The lines to extract begin at the line that contains "G-planジープラン・ダイニングチェア4脚セット・ビンテージ・チーク北欧家具" and run through the last line of the listing; reproduce them exactly, minus any pictures.

[Opening Data provided section]

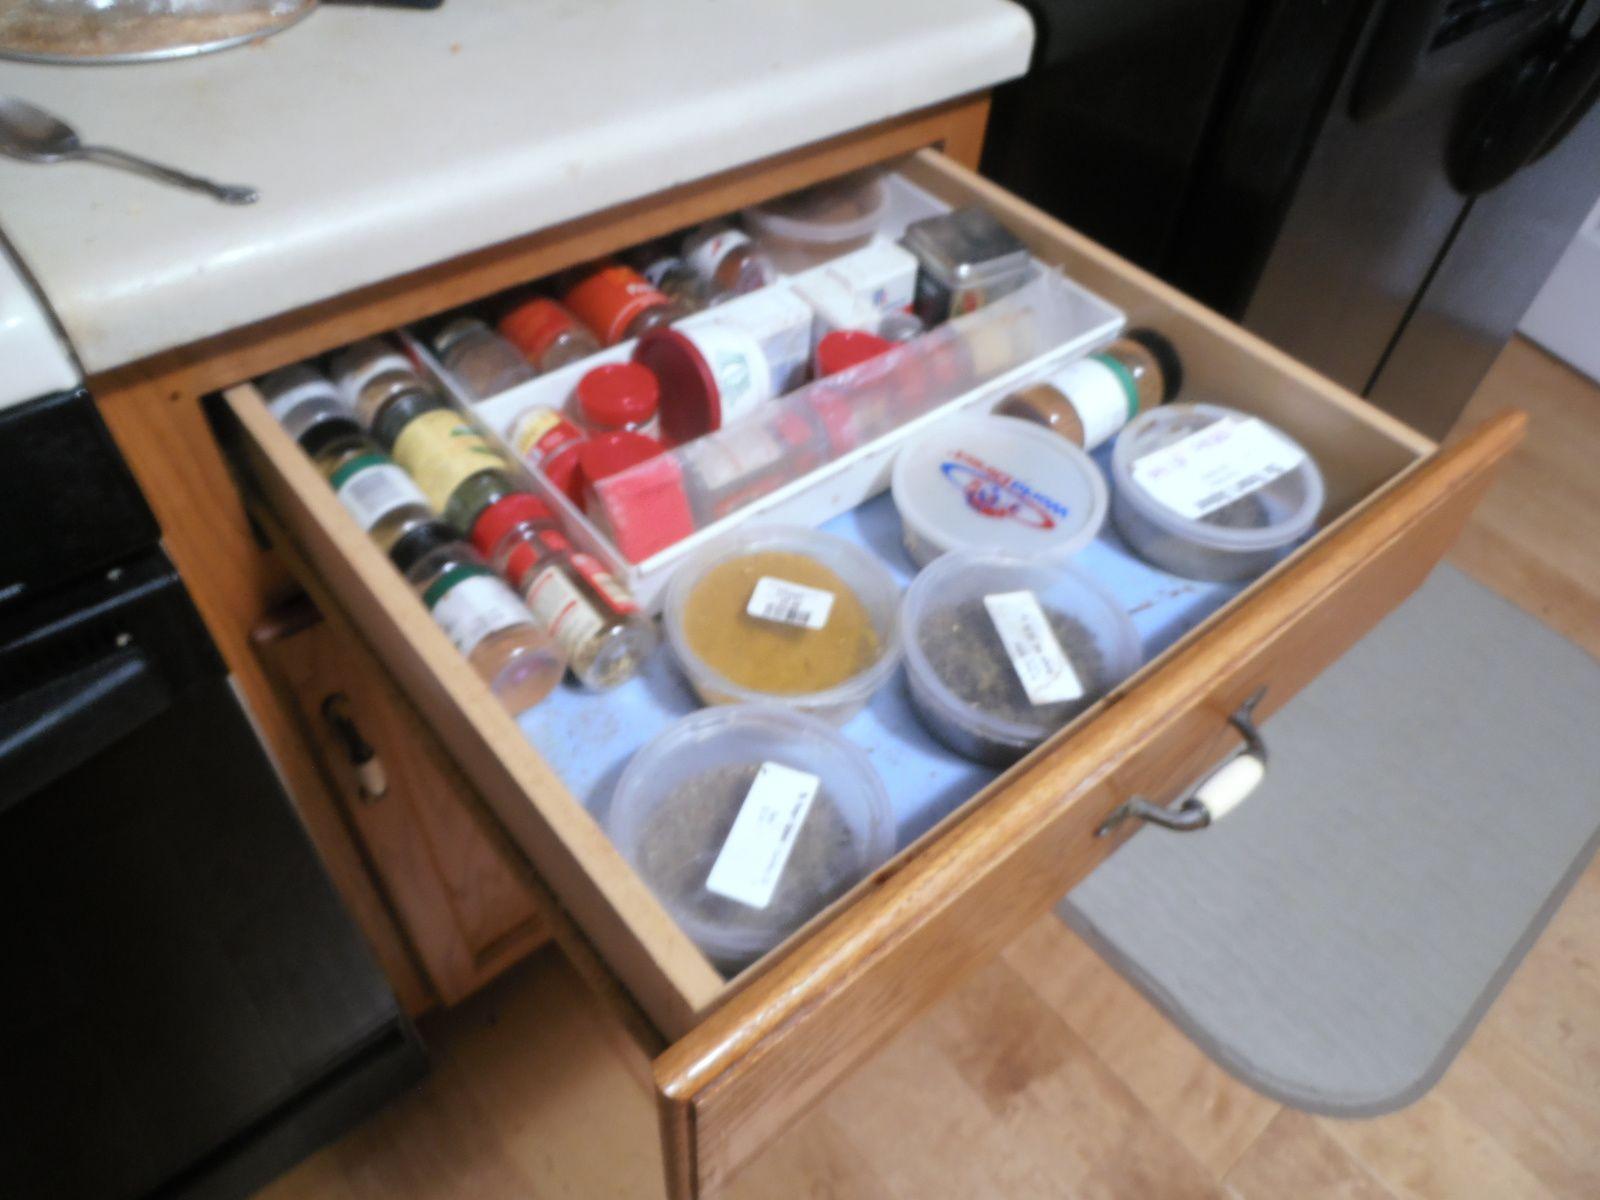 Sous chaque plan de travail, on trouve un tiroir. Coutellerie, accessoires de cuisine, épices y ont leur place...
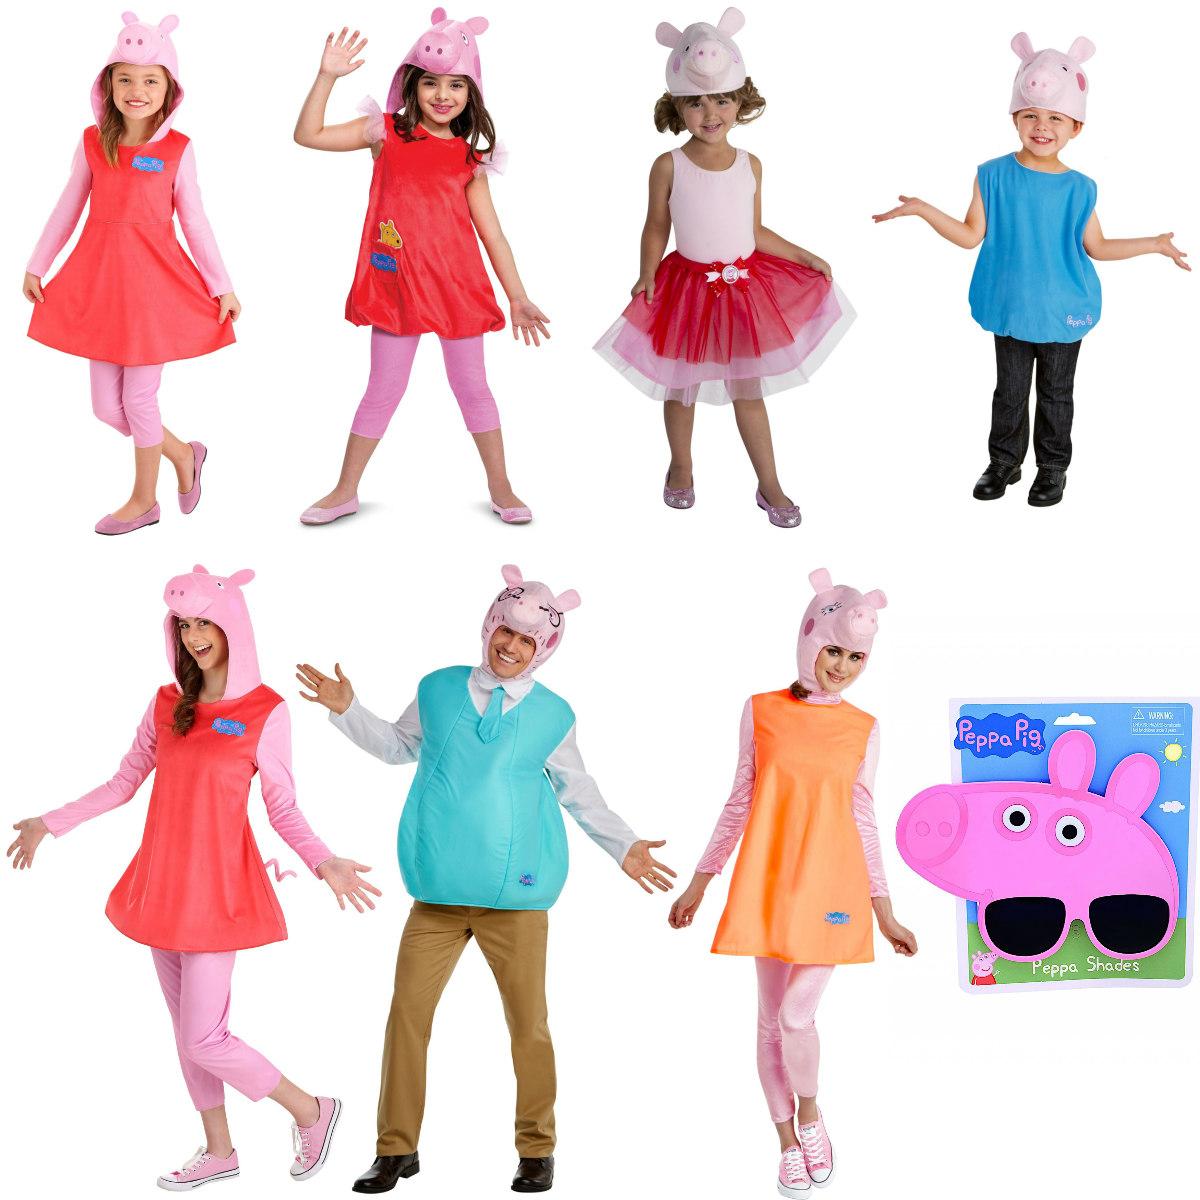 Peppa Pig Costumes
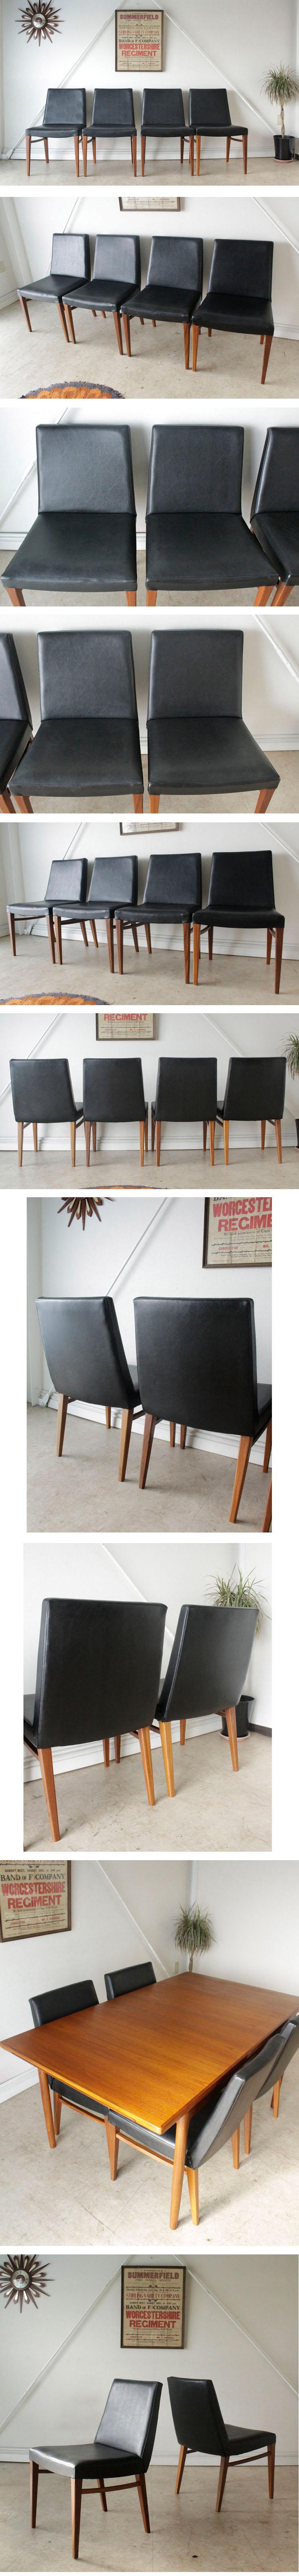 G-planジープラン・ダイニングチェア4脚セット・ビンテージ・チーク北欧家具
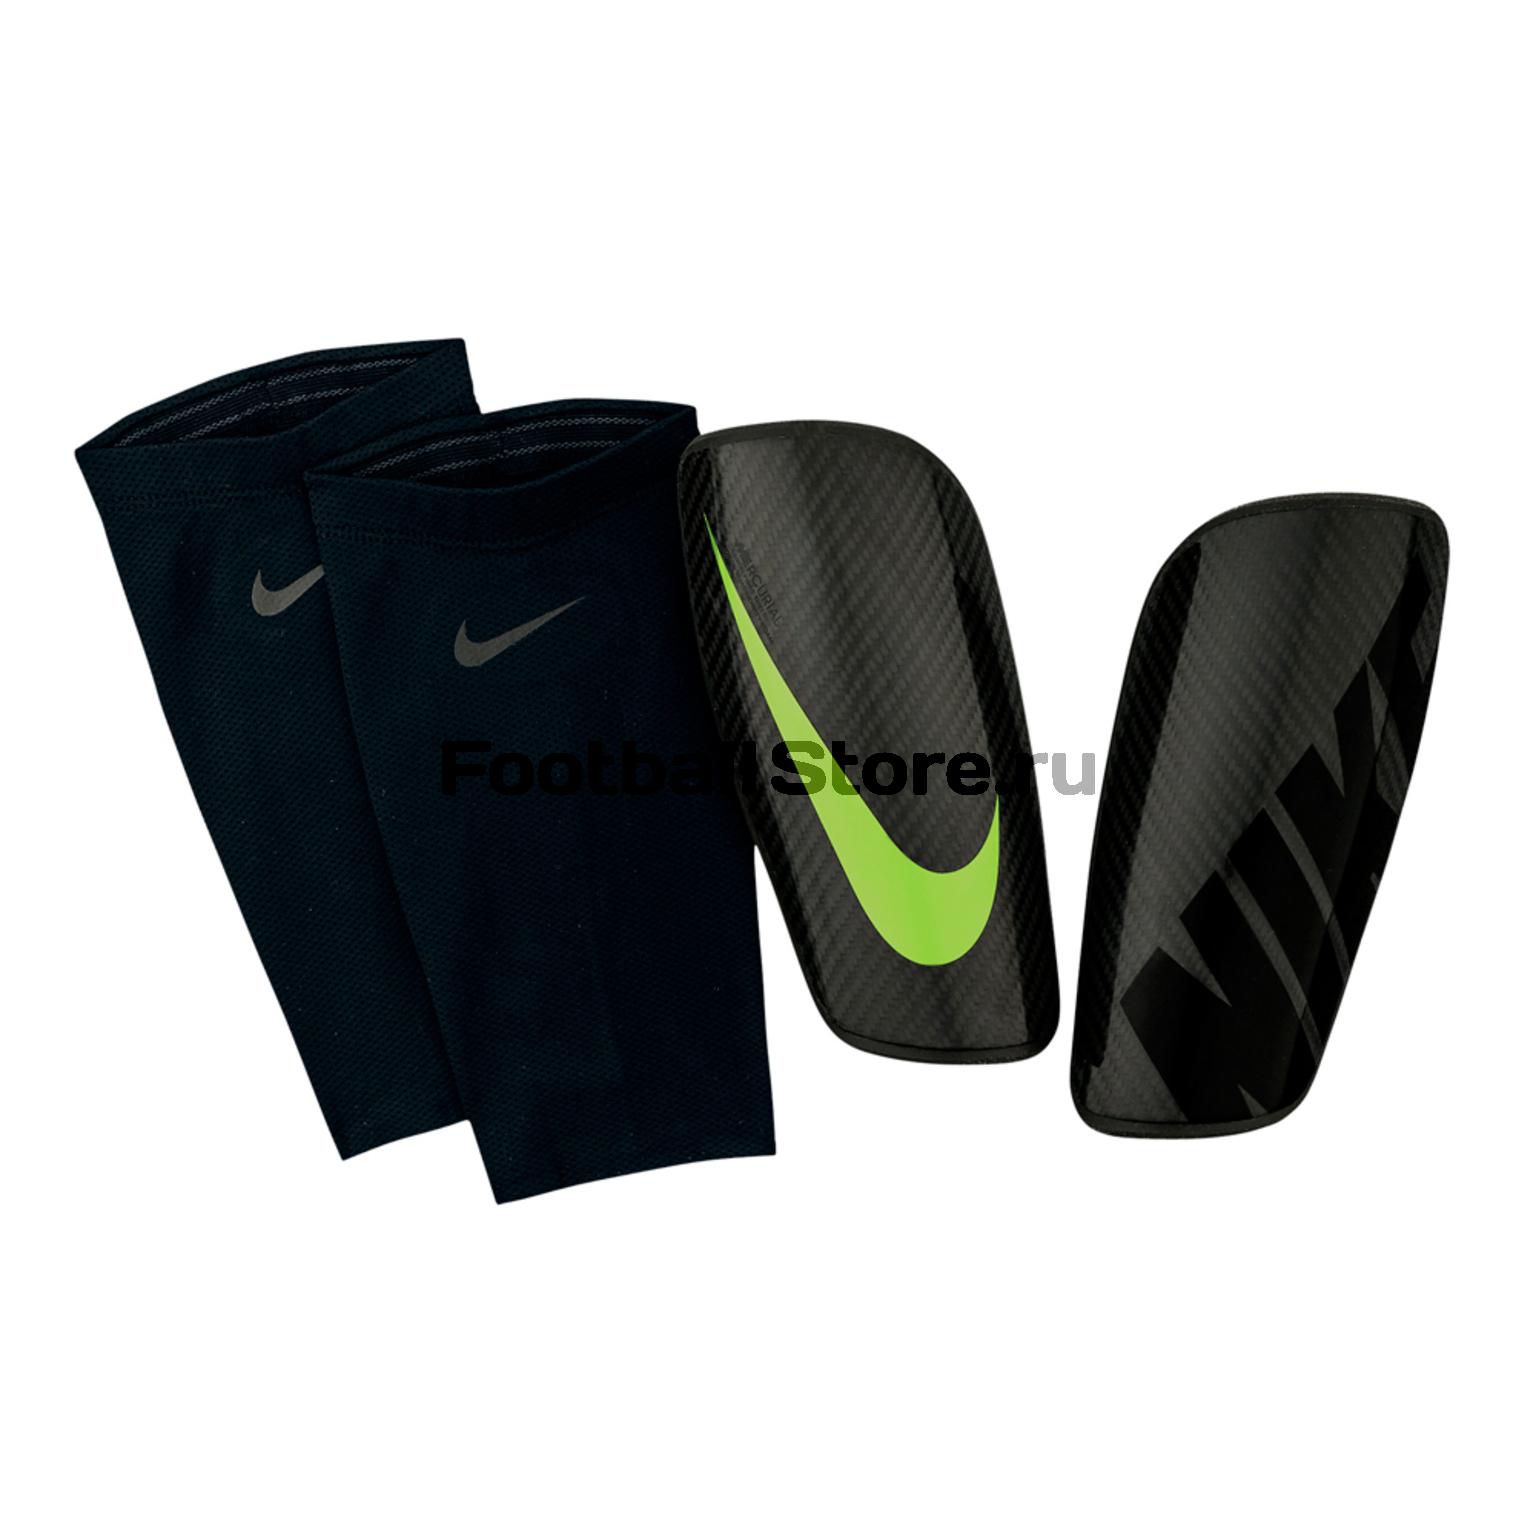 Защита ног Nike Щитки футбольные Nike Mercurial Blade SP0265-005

[Closing Data provided section]

| Exercise solution |
 G-planジープラン・ダイニングチェア4脚セット・ビンテージ・チーク北欧家具
 Защита ног Nike Щитки футбольные Nike Mercurial Blade SP0265-005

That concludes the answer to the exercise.